Sunday, October 20, 2013

Ravioli making - Little Italy, Baltimore

We learned how to make homemade ravioli from the experts at St. Leo's Church in Baltimore's Little Italy. Among the many experts was 95 year old Lucy Palmere Pompa who holds the title of "Ravioli Queen of Baltimore" (featured here in a City Paper story). By her own estimates, she's probably made 1 million ravioli in her lifetime.  

Thomas and I with our high school Italian Club friends and the Ravioli experts.  95 year old Lucy Palmere Pompa (far right) holds the title of "Ravioli Queen of Baltimore"  
The ravioli making event is the precursor to the St. Leo's annual ravioli and spaghetti dinner on Sunday, November 3 from noon to 6 pm, a bi-annual fundraiser that supports the church's many community service projects. 

Since the dinner requires almost 12,000 ravioli, volunteers are needed to make the pasta in the days prior to the event (meatball making is the day before the dinner). No experience necessary. The St. Leo ravioli experts are happy to share their knowledge. Charles and I organized a group of students from our high school Italian club to volunteer for this event which was held in the kitchen basement hall of the Sons of Italy lodge #2286.

The very first thing we did was wash our hands.  Then, we paired up with ravioli experts for some lessons then we started on our own ravioli making journey. 

Ms. Lucy carefully made the pasta dough in the
kitchen's oversize mixer. Then, the dough balls are cut in slices and put through the kneading machine where it spits out perfect size ribbons of pasta sheets. 

                         The pasta sheets were spread out on the tables.

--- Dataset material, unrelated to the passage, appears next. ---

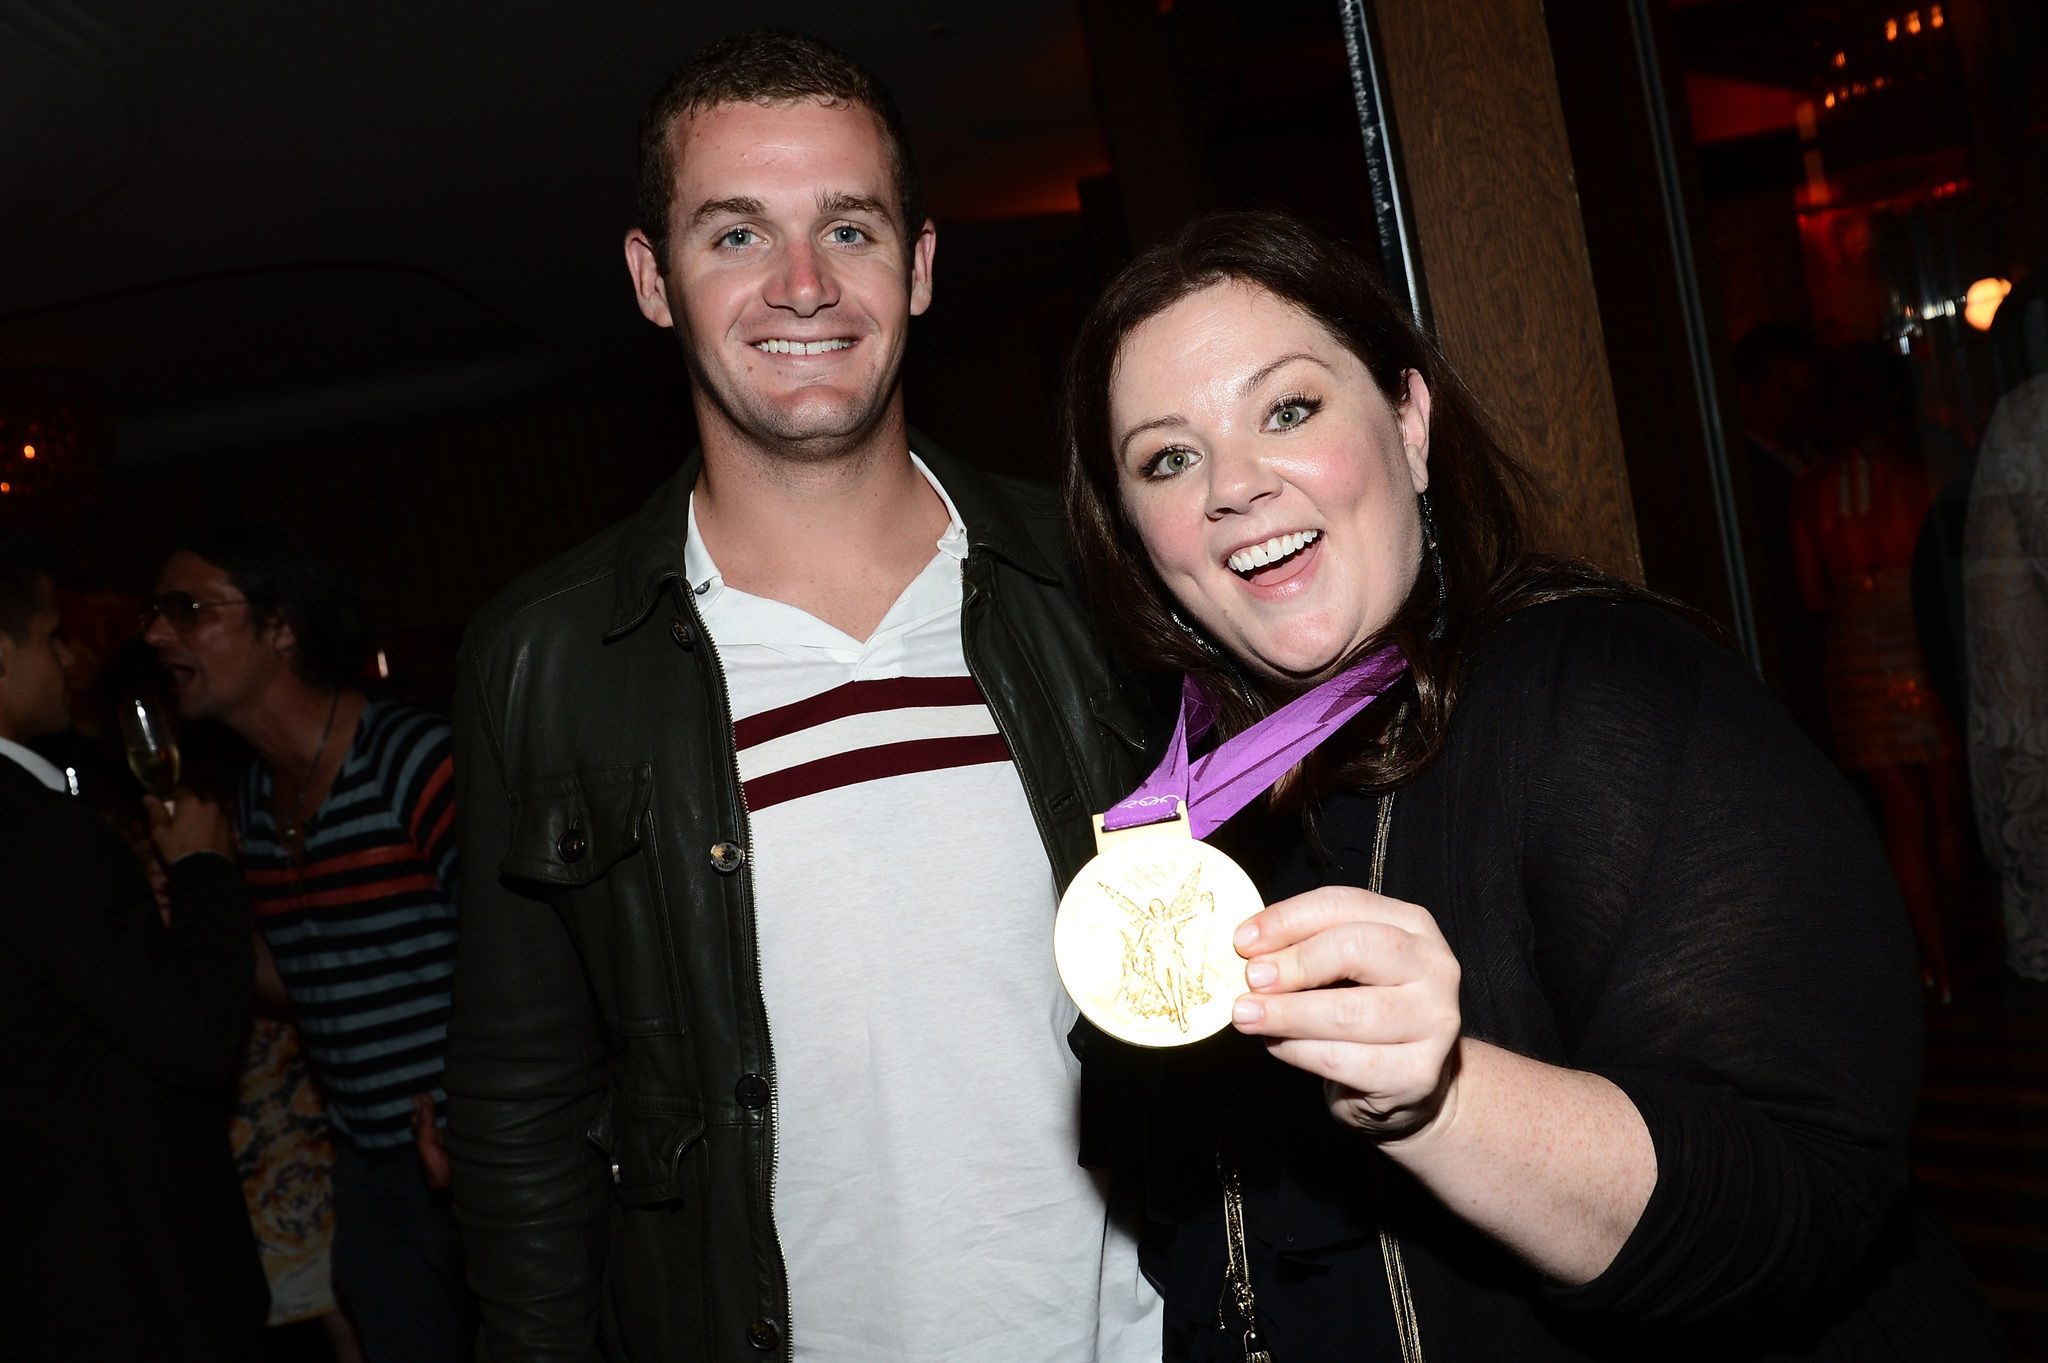 Olympic gold medalist Tyler Clary and actress Melissa McCarthy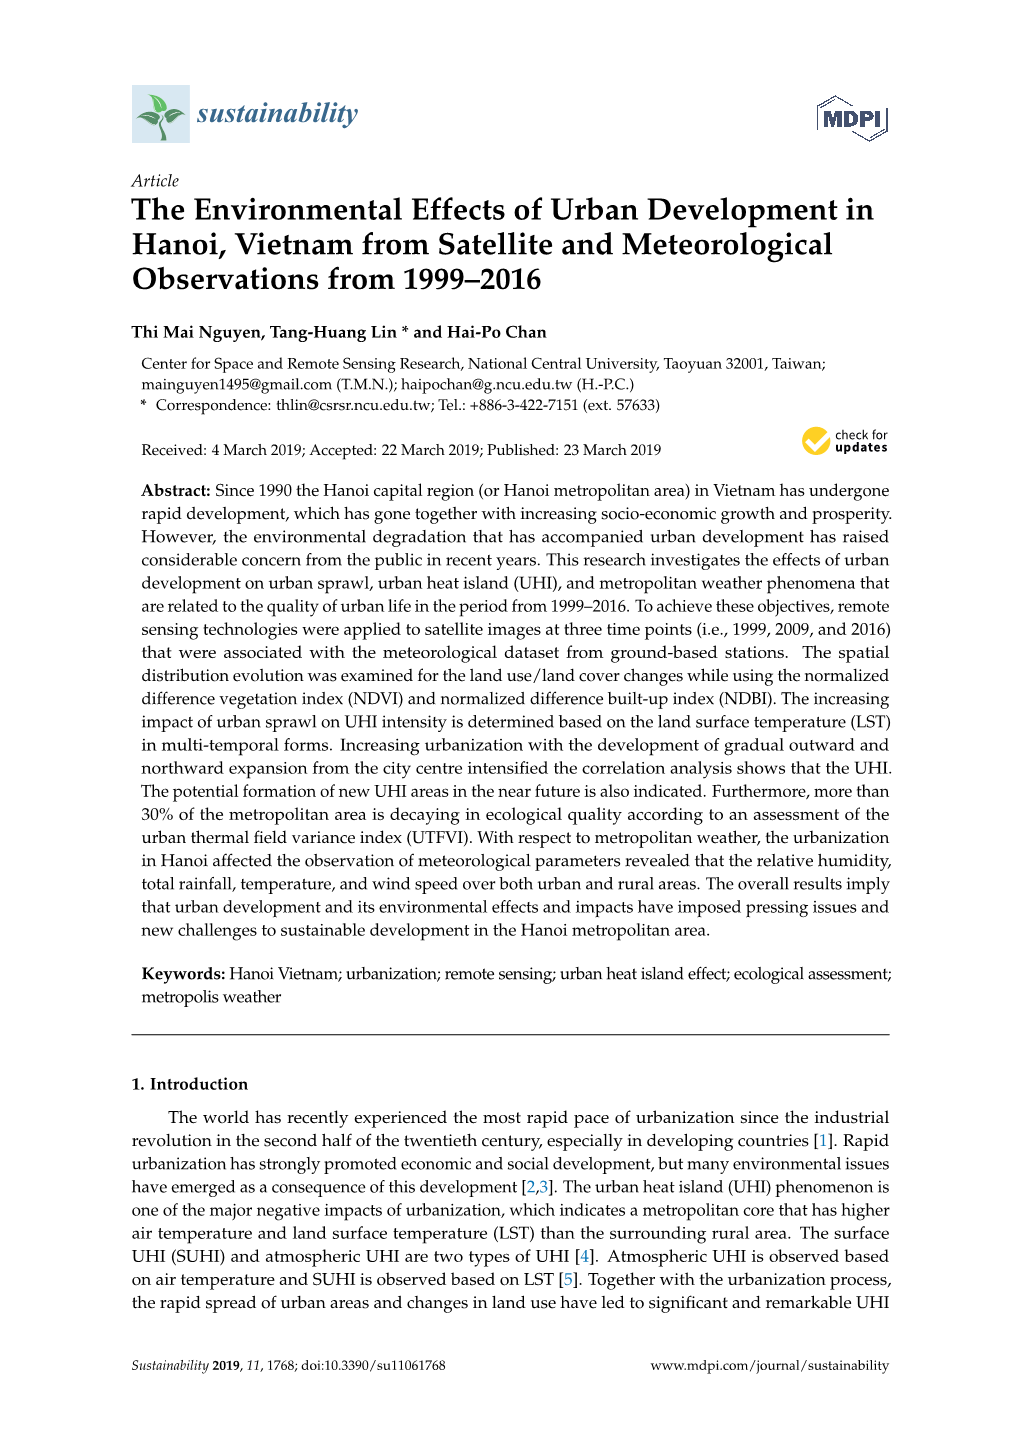 The Environmental Effects of Urban Development in Hanoi, Vietnam from Satellite and Meteorological Observations from 1999–2016

Then, very carefully, we put a spoonful of a seasoned ricotta cheese mixture. This may seem easy but it's not. Each cheese spoonful must be the same exact size and spaced exactly a few inches apart. Otherwise, when the dough is folded over the cheese, it will be too big or too small - this will lead to the ricotta leaking when its boiled.

Next, we folded one edge of the dough over over the cheese mixture to make what looks like a log with bumps. Then, we used a soft karate chop action to press down the dough around the scoops of filling to form a pocket. This gets all the air out of the ravioli.

Finally, we used a pasta cutter that looks like a funny rounded edged wheel to cut out each ravioli.  This too has to be precise because the goal is to have each ravioli uniform so each batch cooks at exactly the same amount of time. 

After cutting, a fork is used to make the details around the ravioli edges. 

The finished product is placed on a commercial size tray dusted with cornmeal each containing exactly 60 ravioli, six down and ten across. 4,839 ravioli were made the day we volunteered. 

 At the end of the ravioli making, all the volunteers were treated to a delicious spaghetti & meatball lunch courtesy of the event organizers.

 As we were finishing lunch, we were told WBAL TV (Baltimore Channel 11) had arrived to film a story about the ravioli making.  The organizers asked us to be part of the filming and interview.  It was such an honor to be standing next to the ravioli experts such as Mrs. Lucy.

When the TV story airs, we'll add the video here.

Don't forget - the ravioli & spaghetti fundraiser dinner is on Sunday, November 3. If you want more information, call St. Leo's church at 410-675-7275.  Click here to watch a video from WJZ TV Baltimore Channel 13 about last year's dinner.

GRAZIE to all the St. Leo and Sons of Italy ravioli experts who helped us learn the fine art of ravioli making. We really appreciated your patience and knowledge. We look forward to volunteering again.